Young told EDGE he is aware of, and somewhat amused by, the perception that he might not be a good fit for the job because of his religious beliefs and past political affiliation.
"I think Seattle is legendary for its tolerance and I would hope that my moving there from Utah would be tolerated as well," he joked. "But in all honesty, 45 of my 61 years was spent outside of Utah. I spent decades in other places from New York to Japan. I’m not exactly a bastion of the Tea Party. What is amusing to me is that people tend to pick out one factor or another to base their whole assumption of me on. I’ve been accused of being a flaming Liberal and a Communist. None of which are true, of course."
Young urged his critics to simply look at his record.
"Conservative or liberal, Mormon or not, you can look at my record and you will find that, throughout my career, I’ve been able to work directly with the community of which I am a part," he said. "Seattle will be no different. I want your readers to know that we are not going to, on my watch, discriminate against anyone. We are not going to favor any religious group. In my life, and in my career, I’ve argued for human rights in foreign countries where people are oppressed. I couldn’t not argue for that in my own country."
Young described UW as "a wonderfully tolerant place."
"That should never change," he added.
And, to be fair, Young isn’t exactly the "model Mormon" that some of his detractors may point him out to be. He and his wife of more than 30 years, Suzan, divorced last year. Young described the breakup as a "painful" situation to "The Seattle Times".
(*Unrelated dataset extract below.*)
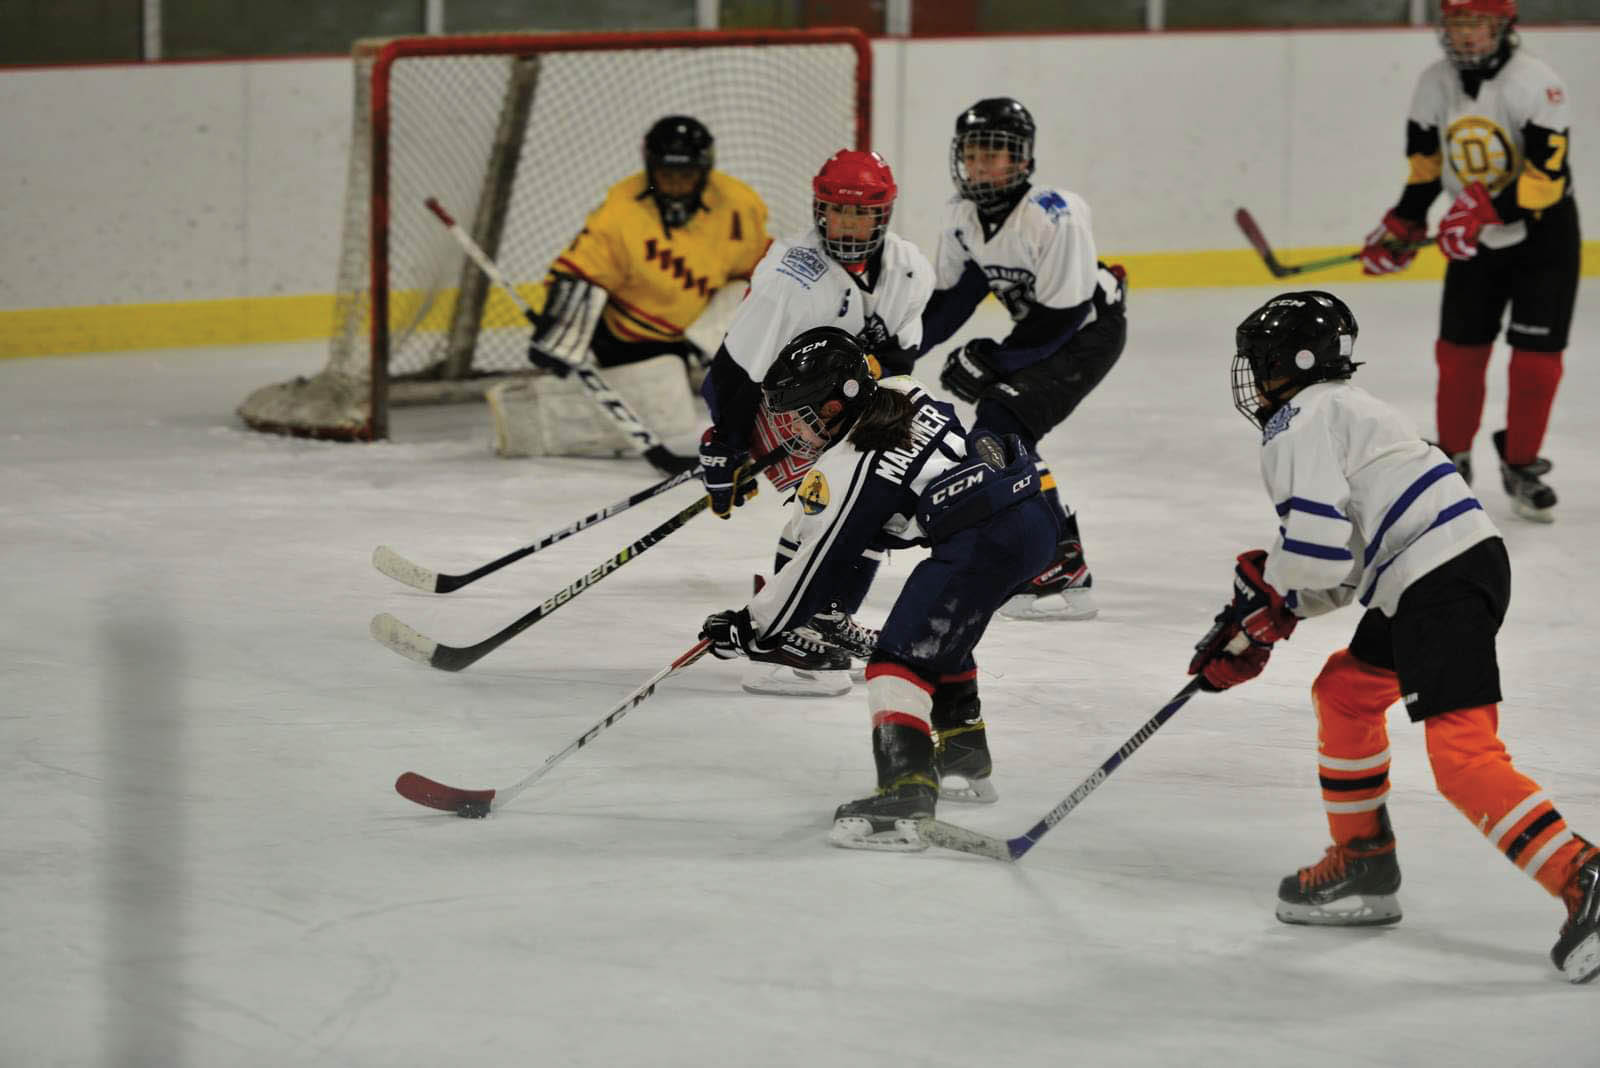 Youth playing hockey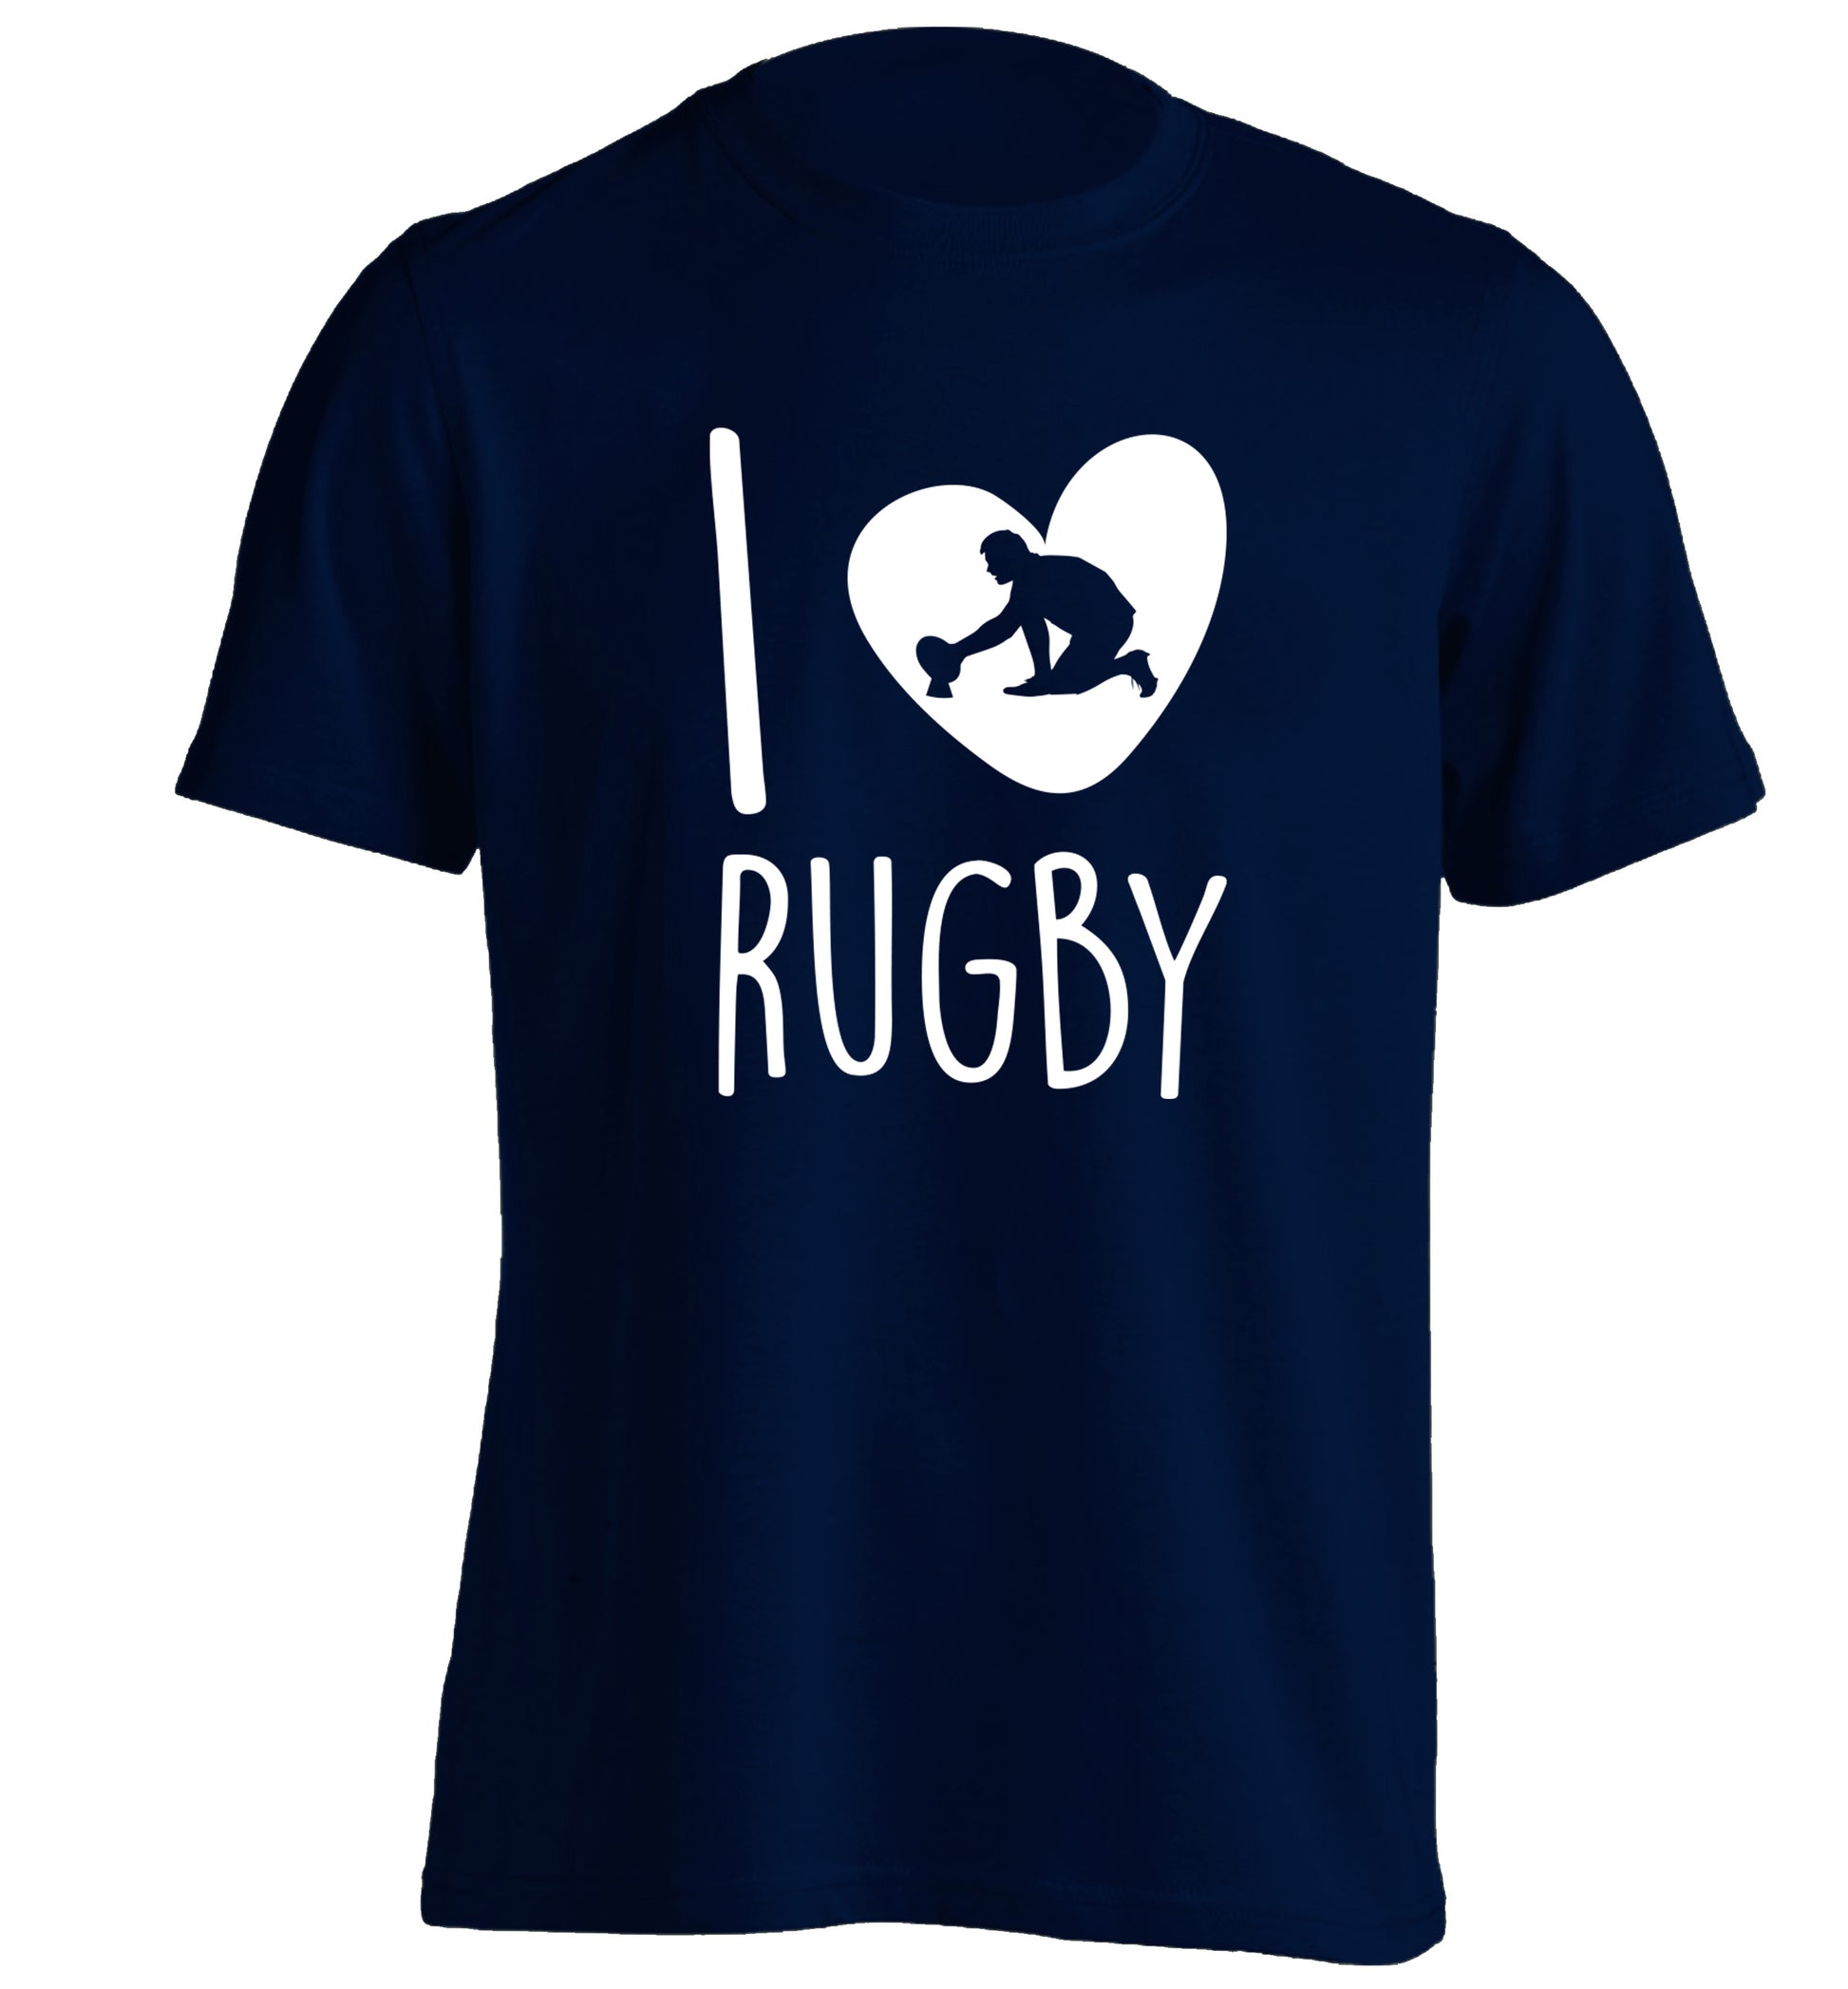 I love rugby adults unisex navy Tshirt 2XL

"Utah is not an easy place to get divorced... and I do sometimes think it makes it harder here maybe to accept a simple and true explanation. Is he having a psychotic breakdown? Is he gay? Is he having an affair? Is he sleeping with sheep? Is he clinically depressed? A lot of that stuff is said," he said. "And truth of the matter is it’s just much simpler than that. It’s what happens in a marriage, and I also hope people understand, you don’t leave a 35-year marriage casually."
As far as his role as an advisor to the Mormon Church, Young said that sometimes people misunderstand what it is about which he is advising them. "What I advise the church on has nothing to do with their stance on marriage equality," he said. "I am an advisor on budget and zone issues and am happy to say that I have never been asked by the church about my views on same-sex marriage."
Young Remains Proud of Pro-LGBT Record
So where does Young stand when it comes to marriage for gays and lesbians?
"I really have my own personal views and they don’t effect what I do at my job," he said. "I do not speak for the Mormon Church and the Church doesn’t speak for me. I have my views and I must say I cannot seem to generate the enthusiasm that some people generate to oppose marriage equality."
Young concluded by once again saying he remains proud of his record.
"It shows my passionate commitment to equality and tolerance," he said. "What I really believe in is that we must create equal dignity and safe space for everybody. Universities, above all other institutions, should work towards that. Educators lead, not only by what they say, but by what they do."